Sacred Cows

Down with EBM!

BMJ 1998; 317 doi: http://dx.doi.org/10.1136/bmj.317.7174.1720a (Published 19 December 1998) Cite this as: BMJ 1998;317:1720
  1. Nigel Molesworth
  1. NHS Centre for Reviews and Dissemination, University of YorK, York YO1 5DD

    We Molesworths hav a noble and distinkuished history of investigating the intrikacies of science. So I hav bin watching the hole evidence-based medicin thing with intrest and it is clere that it is turning into a bunfight. Some say all EBM-ers are arrogant controvershal and seducitve. Others say they are parasites and alkemists. Also many hav beards (my observashun). This is called evidence. Others say: we do not lik all this meat analysis, giv us more bad old reviews the wors the better. All this is simlar to when Peason and Fothering-Tomas call each other names: you hav a face like a squashed tomato no but you are a gurly … all wizard fun, but it is not conjusive to helping new ticks appreshiate what is EBM and how you do it. So it is my plesur to giv you an objecktive insite into the sordid world of EBM and it's practises.

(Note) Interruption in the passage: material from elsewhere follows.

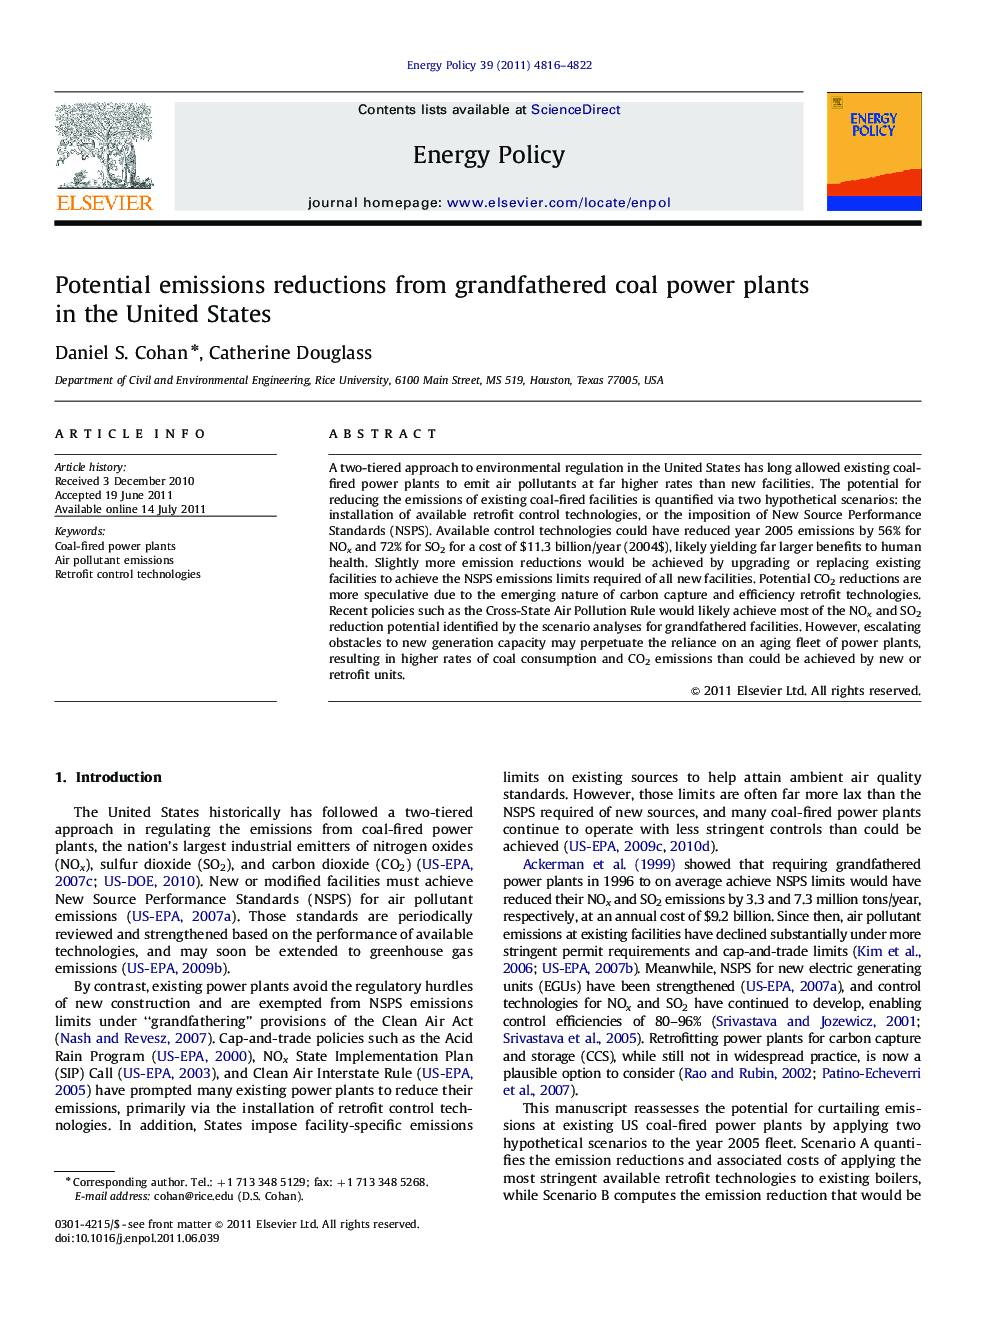 Potential emissions reductions from grandfathered coal power plants in the United States

    From my detaled critikle apraisal it apears there are two sorts of doctors, one hav evidence and the other mak up everything on the spot. These fight like 2 cats in a sack only more fur fly & noise is worse. The EBM type ride round the hospital in a cart with atommic computer inside. When patient cry “I have an ague and a fever help help!” the good doctor hop on the cart and cry poop poop like Tode of Tode Hall and ride through the hospital faster than lite. The cart knock all flying & leave trail of dead nurses & patients in wake, so number neded to trete is very high. When Doc arrive he pull out computer & put plug in pashents ear and type in strange sums: out pop likeable risks and rations. The good doctor clap hand to forehed and groan and cry loudly like Fothering-Tomas reding peotry. “Is it bad?” pashent say tremblingly it is wors than bad say Doc. The battry on my psion organiser is dead. All non-EBM doctors eyes lite up friteningly and push Doctor aside, and say dont wory you are safe in our hands. Just take this physik of spiders, flies and stewed lizard. Then they drane pashent of blud and say this is the art of medicin you will be well now. But do not buy any 5 yere diaries just in case. EBM doctor then cry “but you must follow guidlines” and non-EBM doctor pull out guidline written on parchmint, blow off dust and read out loud: “This license the bearer to do what he or she likes, singed, Samule Peeps.” However it is not enuff to whizz round on cart and use computers. EBM adickts must rede Bandoleer which is filled with useful info for decishun makers. There logo is an evil-looking bandit with shotgun which mean they aim to hunt down all non-ebm doctors and blow out there cunning vilanous branes. All doctors also now have the red ebm book, and when there turn comes to be kaned by the hospital manger they put the book down there trousers, and it brake the kane which is super.

    Figure1

    Know the Enemy or Masters at a Glance Some say all EBM-ers are arrogant controvershal and seducitve. Others say they are parasites and alkemists. Also many hav beards (my ovservashun). This is called evidence. ©Ronald Searle, 1954

    It is important to take a historical perspektive on this isshue. All this ruff talk and brusing is normal in the histry of sience. All major discovries were acompanied by mokery and abuse, viz:

    Mr Lister: “I hav discovered that atiseptik practises will prevent zillions of deaths and sickenesses.”

    Jeering colleeg: “Mark mi words no good will come of it. Now bring me some fresh dung to clean my hands, I am off to see my next pashent.”

    So you can see the problem is not new. But wot of the future? Wot indeed. Fortunetely we have a plan so everyone can get along together again. Ebm-ers swank much about there hierarky of evidens, from meta-analysis at top to anecdot at bottom, and say Your study is below RCT, so is No Good chiz. The anser cleerly is for non-ebm doctors to hav there own hierarky. It will be simlar to the other one but upside down. A Hierarky will also be needed specifikly for anecdote-based medcine viz:

    Level I: Beardy old gent from royal college; Level II Doctor with air of credibilty and honest face; Level III: Academic with mad stare; Level IV: NHS manager with trust in finanshul crisis

    So ther you hav it: EBM in a nutshell. Remember, the futur is brite if you stop squabling and do not fight like Form 3A when master is out of classroom. (Fothering-Thomas, please spelcheck this and send to top medical journal).